Your objective –
Within the entries below, please return exactly the lines from the one with "Deux bols de" through the one with "GOLDEN HORDE Silver", leaving out any pictures.

Start of Task data

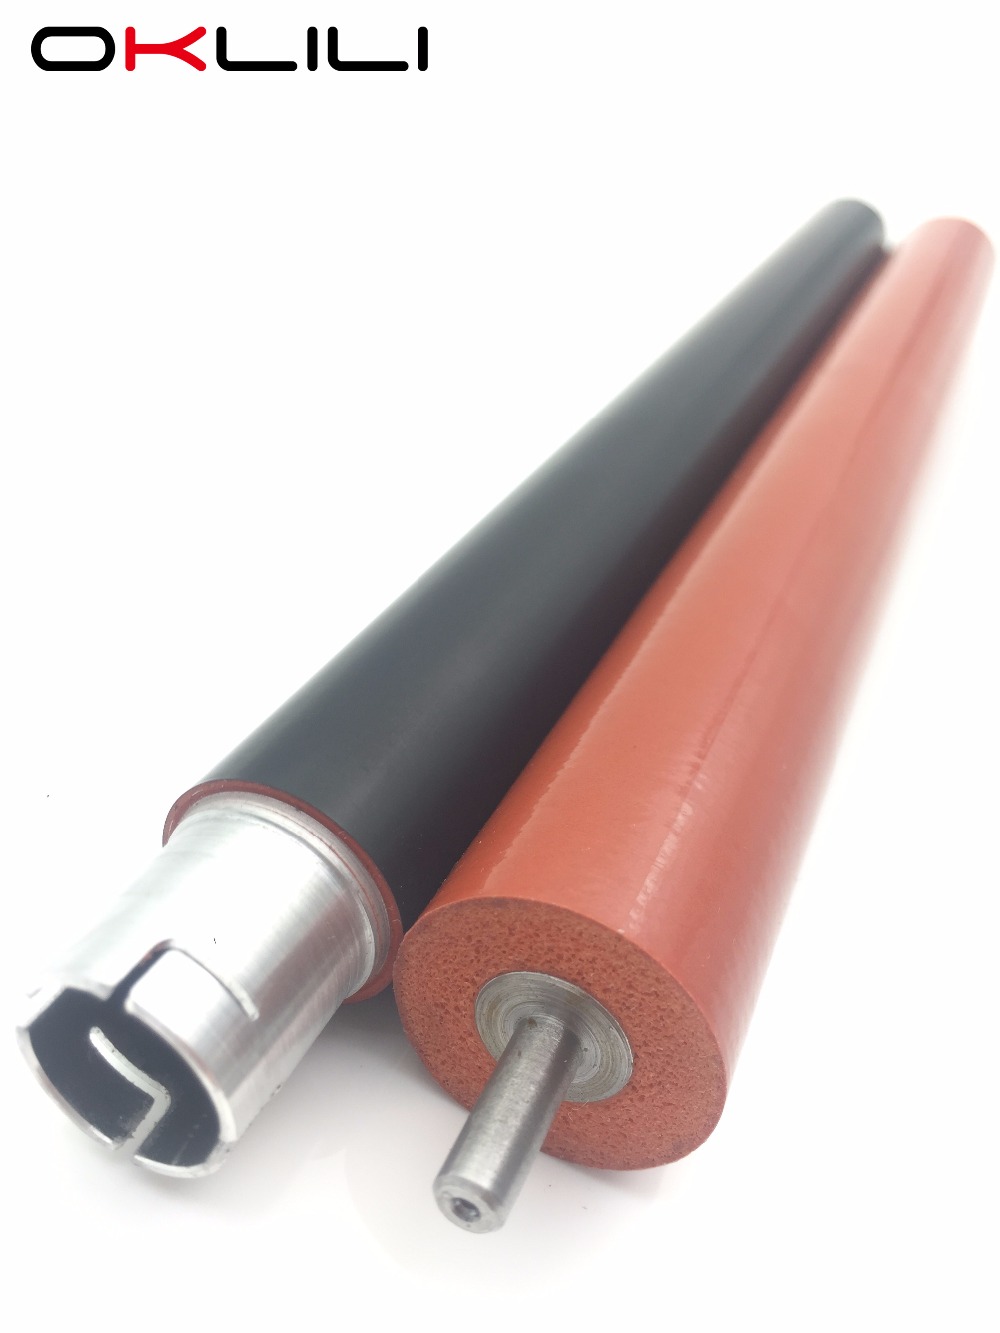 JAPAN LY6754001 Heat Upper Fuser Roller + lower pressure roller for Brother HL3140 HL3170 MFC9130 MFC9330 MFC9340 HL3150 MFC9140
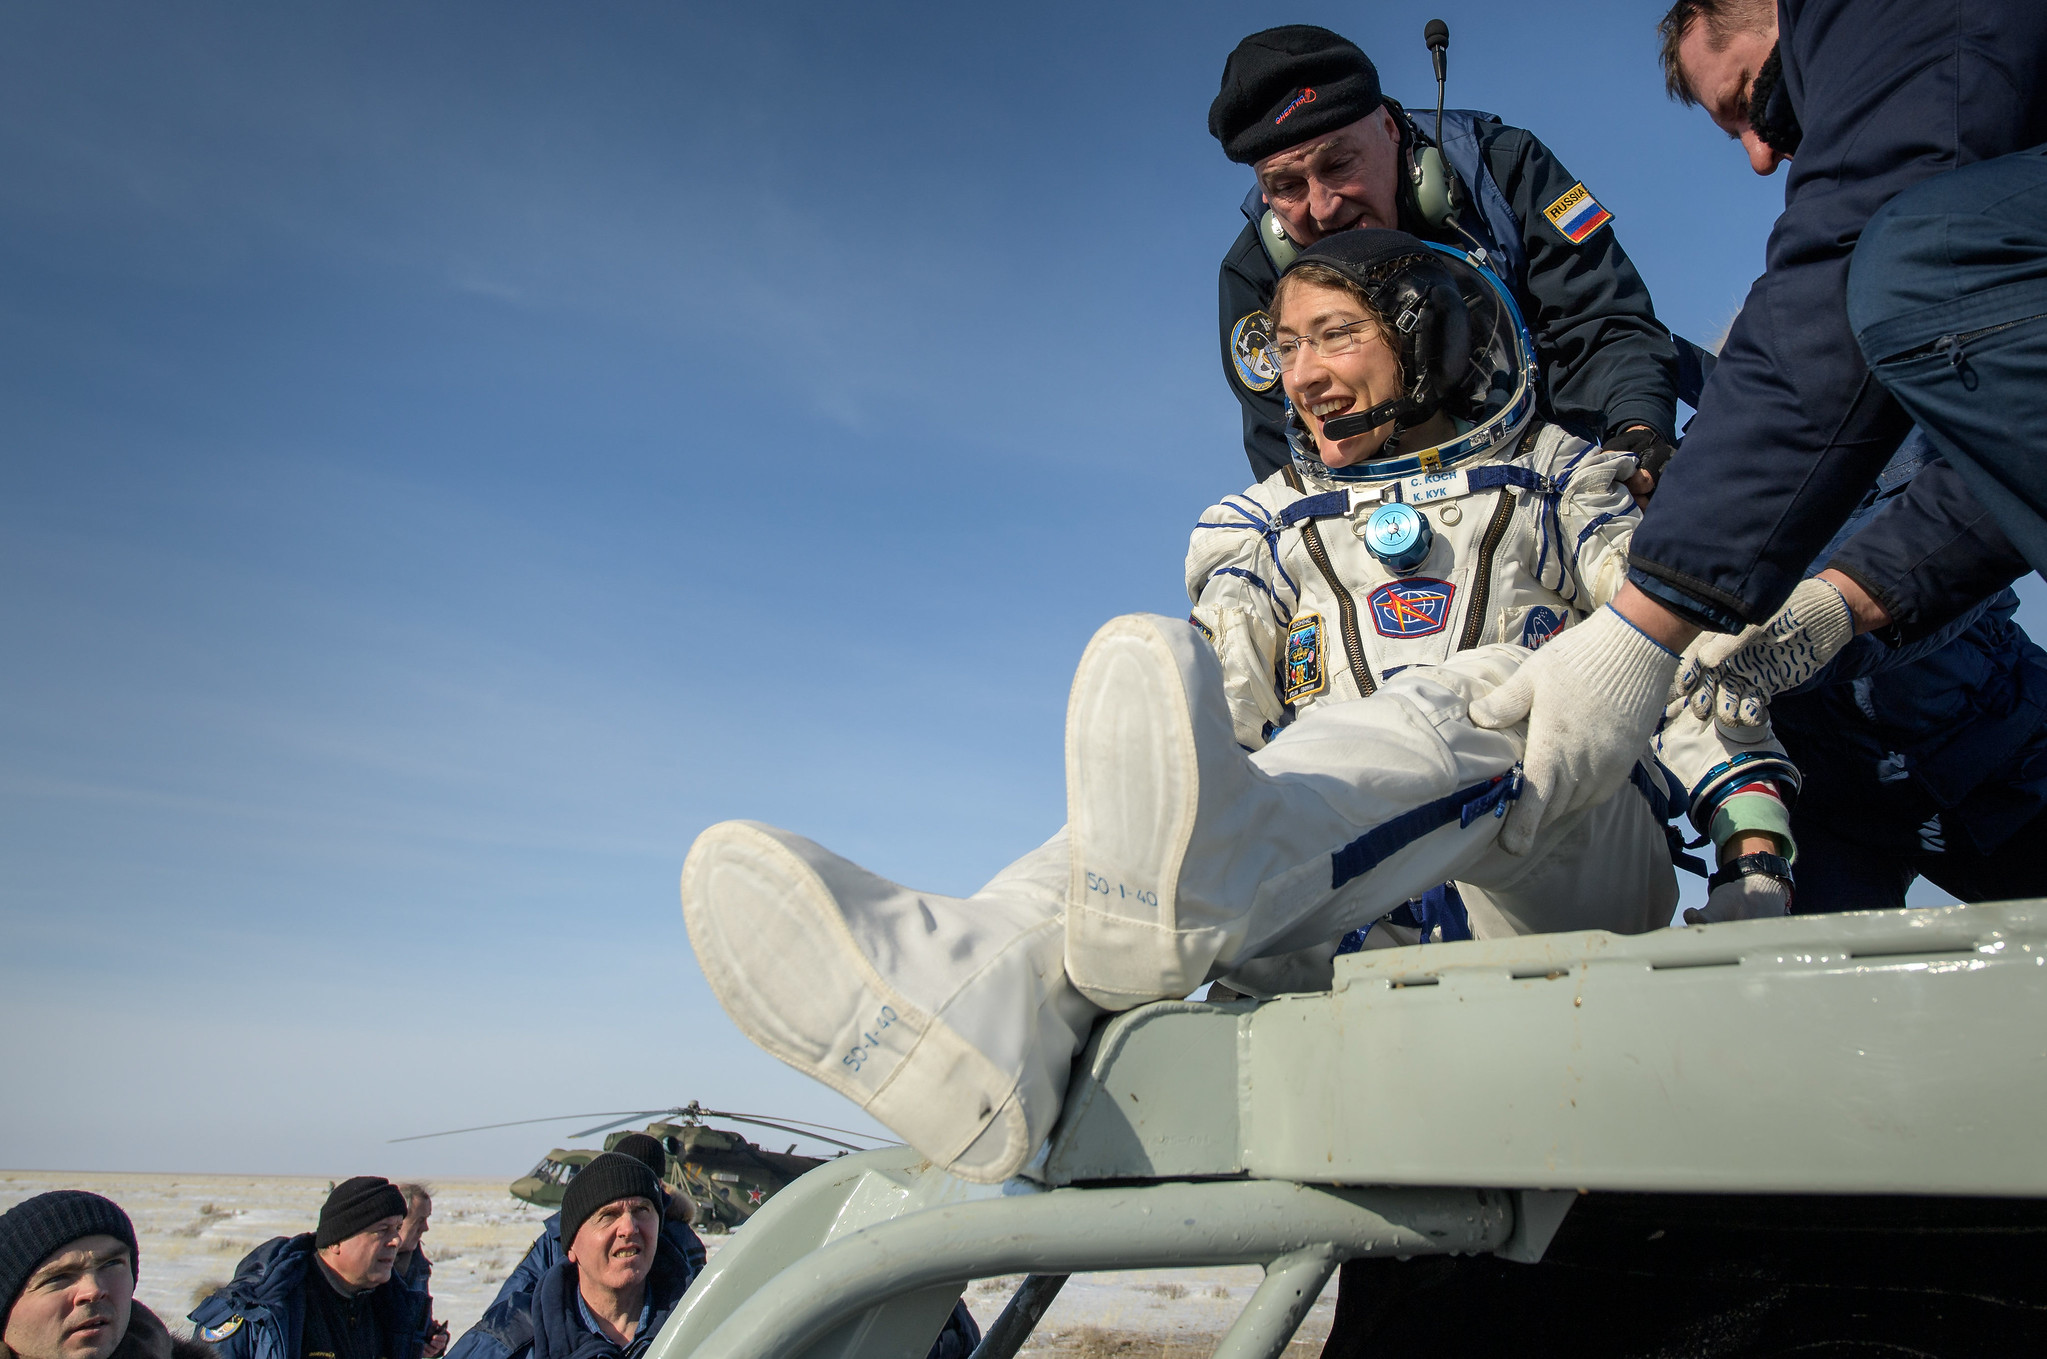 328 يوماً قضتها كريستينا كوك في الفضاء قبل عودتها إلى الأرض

End of Task data
Start of Task data

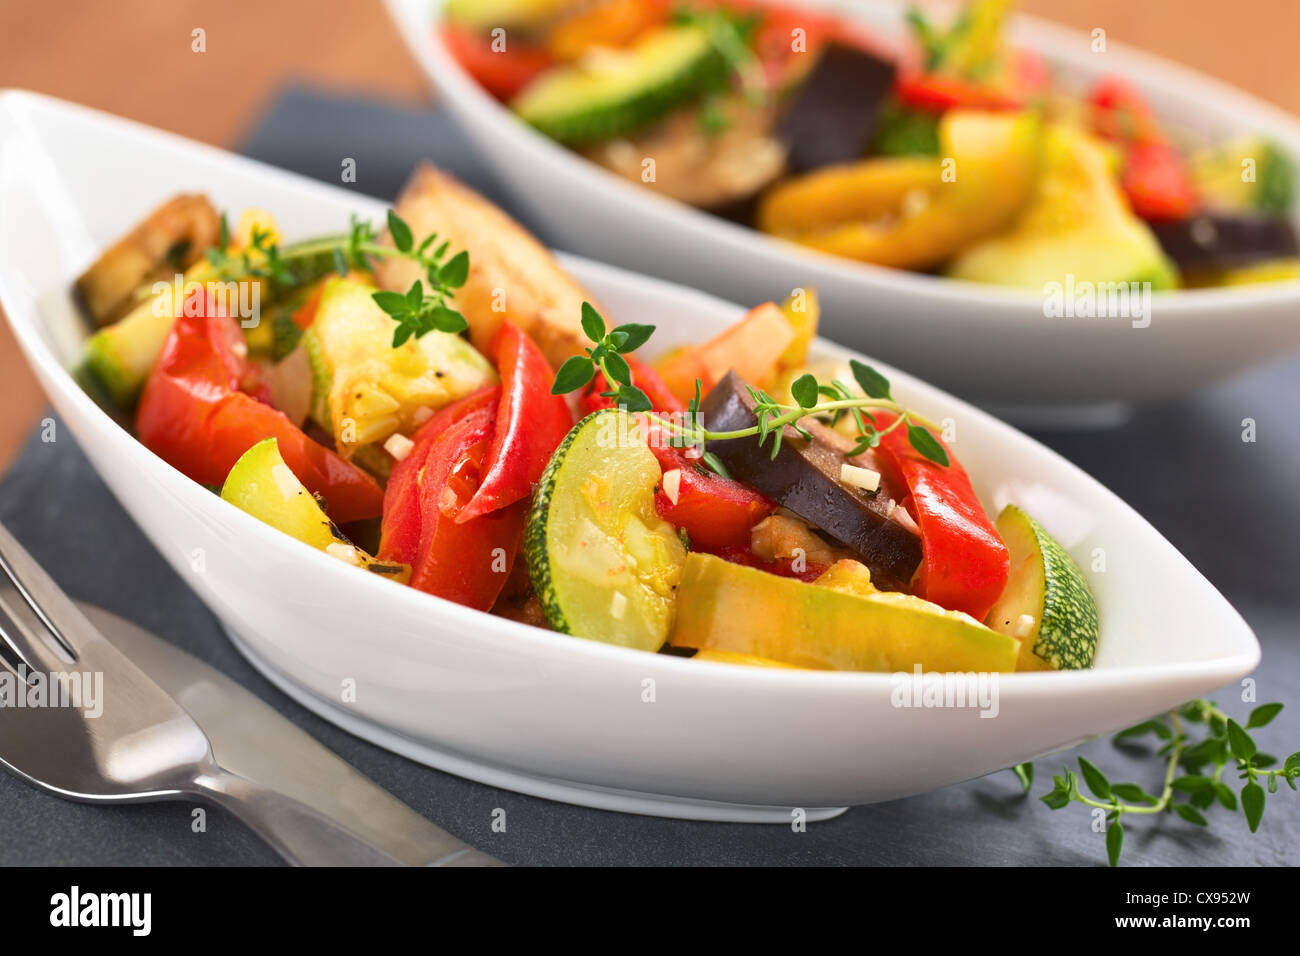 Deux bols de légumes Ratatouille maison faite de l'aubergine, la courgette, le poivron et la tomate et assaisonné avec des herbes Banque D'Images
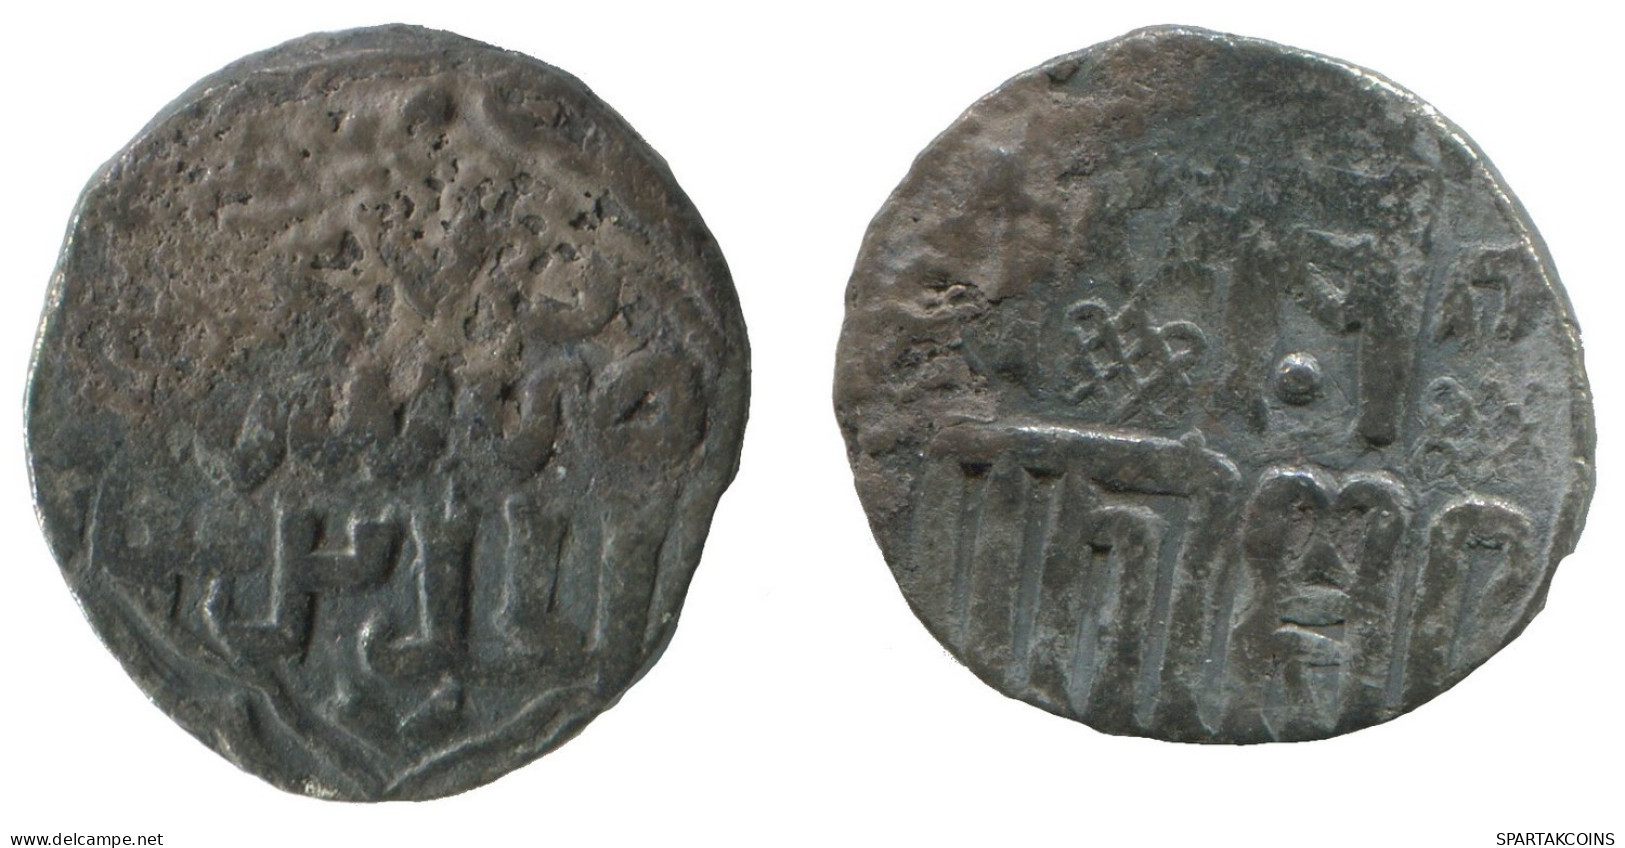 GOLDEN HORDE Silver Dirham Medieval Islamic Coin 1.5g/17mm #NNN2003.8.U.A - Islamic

End of Task data

Solved exercise –
 Deux bols de légumes Ratatouille maison faite de l'aubergine, la courgette, le poivron et la tomate et assaisonné avec des herbes Banque D'Images
 GOLDEN HORDE Silver Dirham Medieval Islamic Coin 1.5g/17mm #NNN2003.8.U.A - Islamic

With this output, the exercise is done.